Import Chromium setuid sandbox

Categories

(Core :: Security, defect)

All
Linux
defect
Not set
normal

Tracking

()

RESOLVED DUPLICATE of bug 986397
mozilla36

People

(Reporter: jld, Assigned: jld)

References

Details

We're going to need to use the setuid sandbox from Chromium — see https://code.google.com/p/chromium/wiki/LinuxSUIDSandbox — to get reliable sandboxing on desktop.  This is a hard requirement for EME, but it will also help improve content process security in the future (when desktop content processes have been fully separated from direct filesystem/network access).

Challenges:

1. If Firefox is installed without root access, it will not have sandboxing.

2. If Firefox is built and run from the build directory (`./mach run`) as a non-root user, it will not have sandboxing.

3. One or both of the above may apply to our continuous integration environment.

These have been true of Chromium on Linux since its initial release; this fact may or may not be persuasive to Firefox users/developers.  Possible mitigations:

1. Allow referencing an existing copy of the sandbox instead of one created by the build.  This is what Chromium does: iff the user running it also owns its executable, it will use the CHROME_DEVEL_SANDBOX environment variable.

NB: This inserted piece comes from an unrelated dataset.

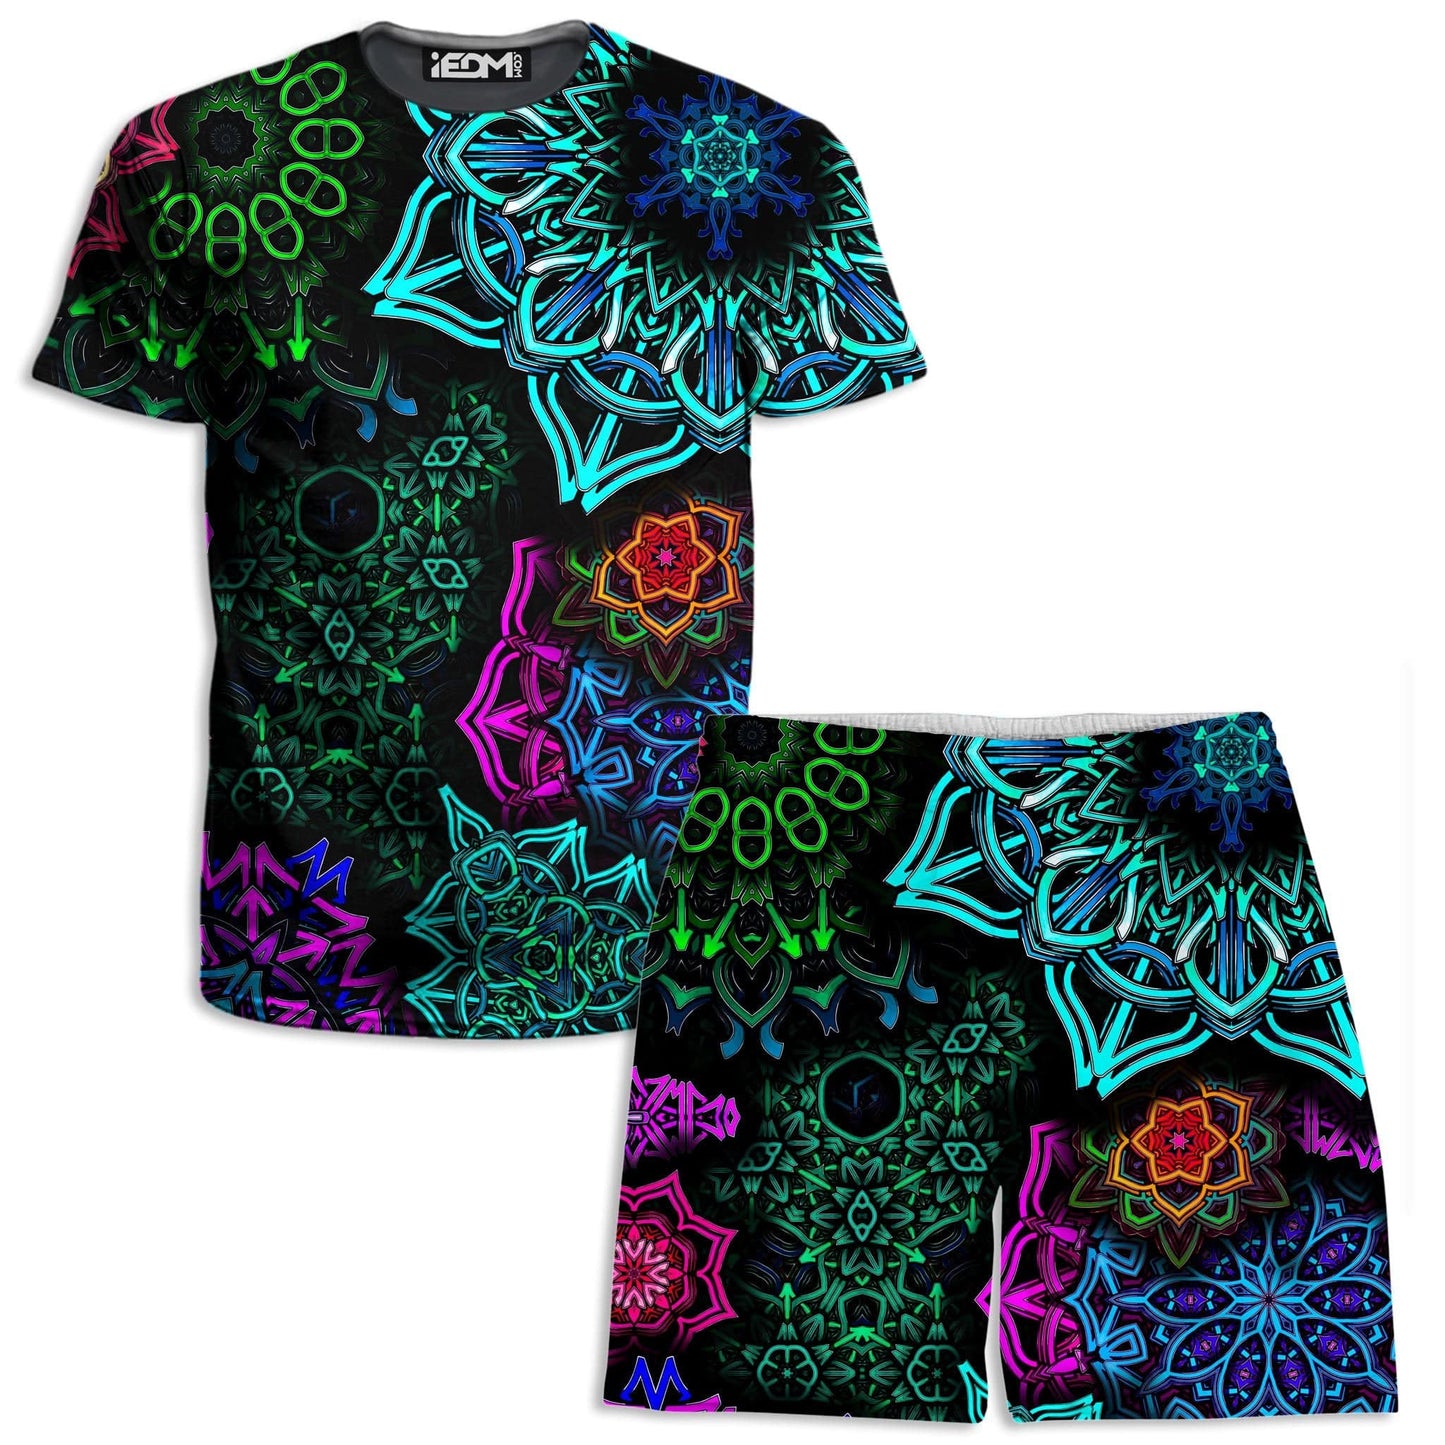 Space Invasion T-Shirt and Shorts Combo, Jan Kruse, | iEDM

2. Allow using only seccomp-bpf sandboxing.  While this was the initial plan, in this context it means that anyone who touches the seccomp-bpf policy has to be careful not to make any changes that would compromise its effectiveness when it's used alone, even if they'd be harmless during normal operation.  (Also, the Chromium sandbox developers have had a lot more time to think about this than we have, and they think it's a bad idea in general.)  I'd rather not do this.  I might consider a build-time option with a sufficiently scary name, if there's a specific use case that needs it.
Depends on: 1041886
Here's another problem: for media plugin loading, I'm currently using seccomp-bpf to intercept and emulate the open() system call from dlopen().  If we don't have seccomp-bpf, then that doesn't work.

So it will also be necessary to change GMP on Linux to use the mozglue linker.  It looks like it should be usable to replace just that one dlopen call without too much difficulty.

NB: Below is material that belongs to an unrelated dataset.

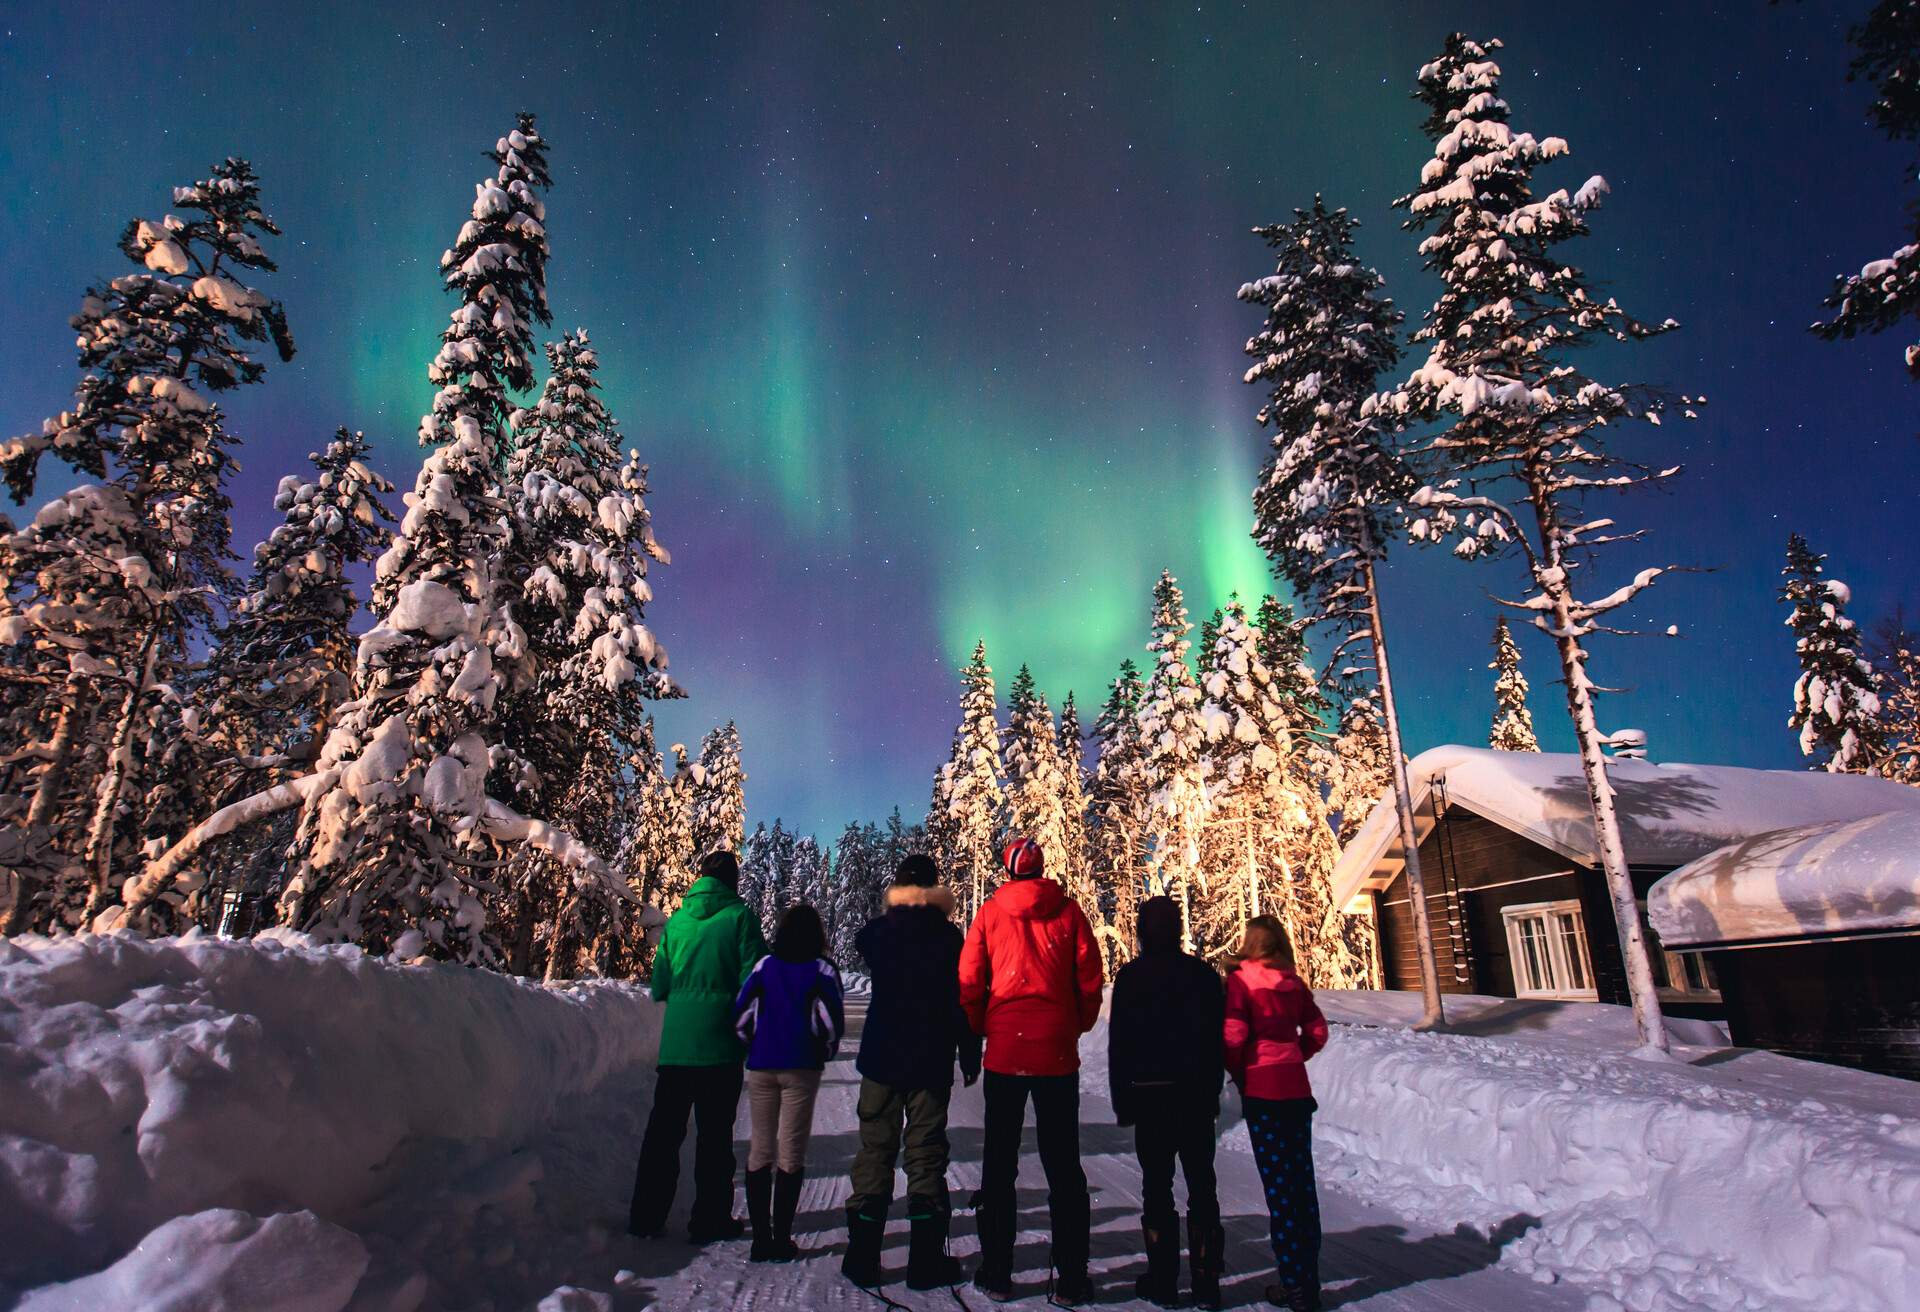 A group of people standing on a snowy path with tall trees and looking up to the sky to admire the northern lights.

Content processes are not as fortunate.  I'm still willing to say "when" rather than "if" with respect to using the setuid sandbox in conjunction with seccomp-bpf, but not by itself.
(In reply to Jed Davis [:jld] from comment #1)
> So it will also be necessary to change GMP on Linux to use the mozglue linker.

It opens /proc/self/maps:

#3  0x00007fe3779dc254 in __fopen_internal (filename=0x7fe37b3d76c0 "/proc/self/maps", 
#4  0x00007fe379f216a6 in EnsureWritable::getProt
#5  0x00007fe379f2192b in EnsureWritable::EnsureWritable<ElfLoader::link_map*>
#6  0x00007fe379f20912 in ElfLoader::DebuggerHelper::Add
#7  0x00007fe379f20e30 in ElfLoader::Register

Can I make it not do that, somehow?  glibc didn't need it.
Flags: needinfo?(mh+mozilla)
I looked at the code some more and asked about things on IRC, and: we can add an environment variable to disable the DebuggerHelper, and set it when sandboxed.  The code to do this is more nonmodular than I'd like — the IPC framework apparently lacks an interface for setting env vars when launching a child — but it seems to work.
Flags: needinfo?(mh+mozilla)
In light of bug 1039819 comment #6, we shouldn't need to require this after all.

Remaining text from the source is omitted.